If D is the set of prime divisors of N and d = |D| than N = \\prod_i=1^d(D[i]^p[i]) for some p[i] (where p[i] is a natural number > 0).

From this point of view you can use a bit mask to go through all possible combinations of elements from D and generate partial products, which will divide N . And of course go through all powers 1...p[i] for each element.

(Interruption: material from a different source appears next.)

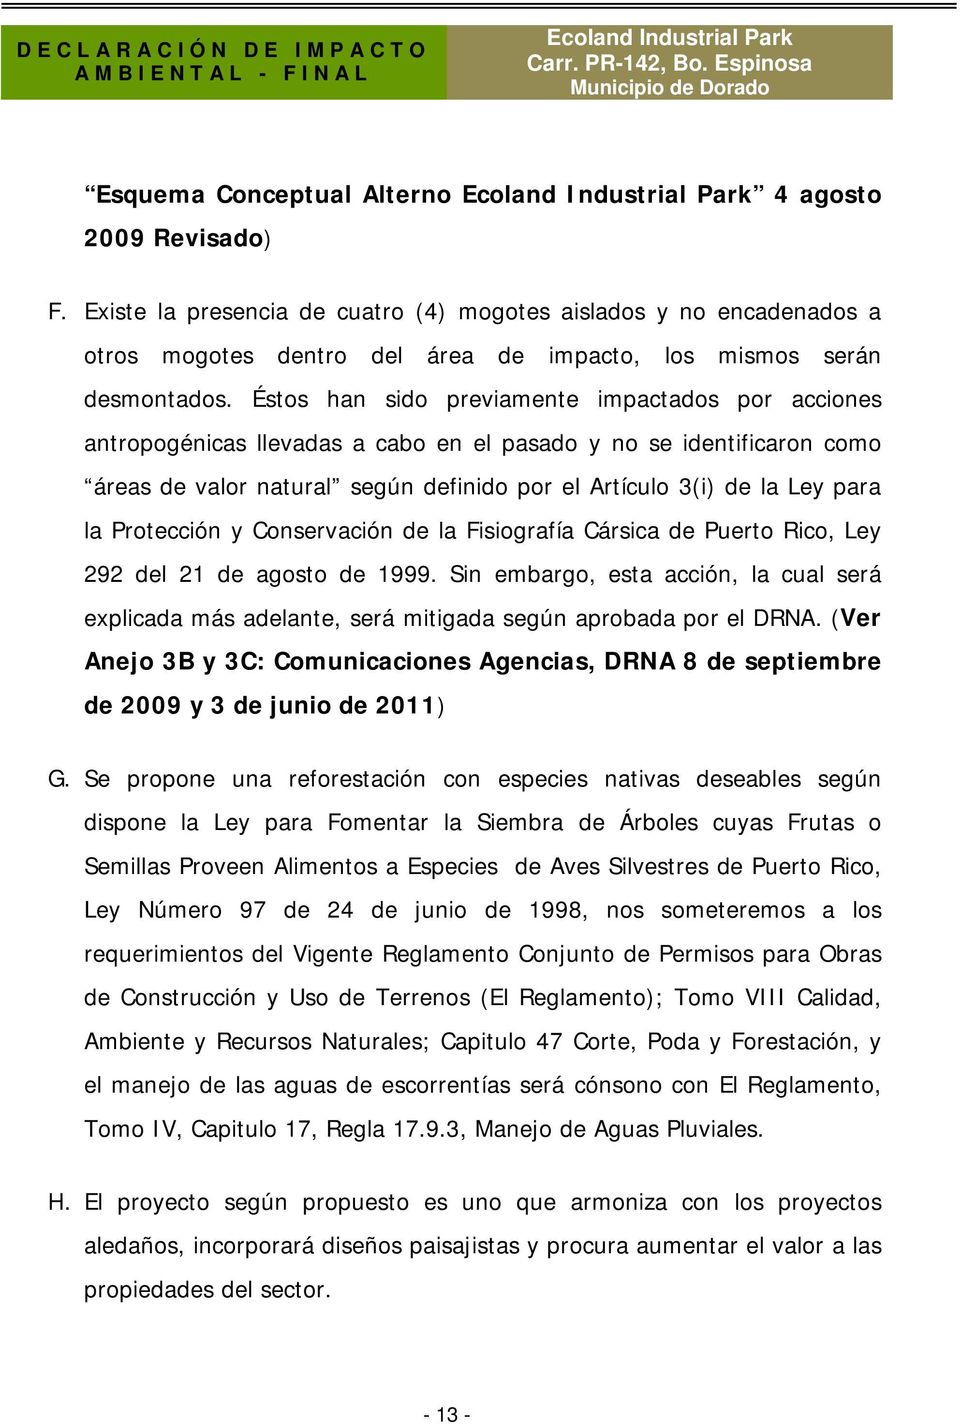 Protección y Conservación de la Fisiografía Cársica de Puerto Rico, Ley 292 del 21 de agosto de 1999.

In this case you'll get all possible non-prime divisors of N.

Answer 5

If you mean you want to generate ALL the divisors of 510510:

Each prime divisor appears just once in the product.

Each prime divisor could be used or not used. So think of it as a binary set from 0 to 127 and look at the bits. Iterate through the numbers and if the bit relating to the prime divisor is set, include that prime.

eg binary 1011010 means use numbers 17, 11, 7 and 3 so multiply these to get 3927

Of course 0000000 relates to 1 and 1111111 to 510510, so you might not want to count "1 and itself".

If you have a number that has multiple factors you have to count 0 to n on that factor, eg 60 is 2 * 2 * 3 * 5 so 0-2 uses of 2, 0-1 use of 3, 0-1 use of 5, total of 12 possible factors (including 1 and 60).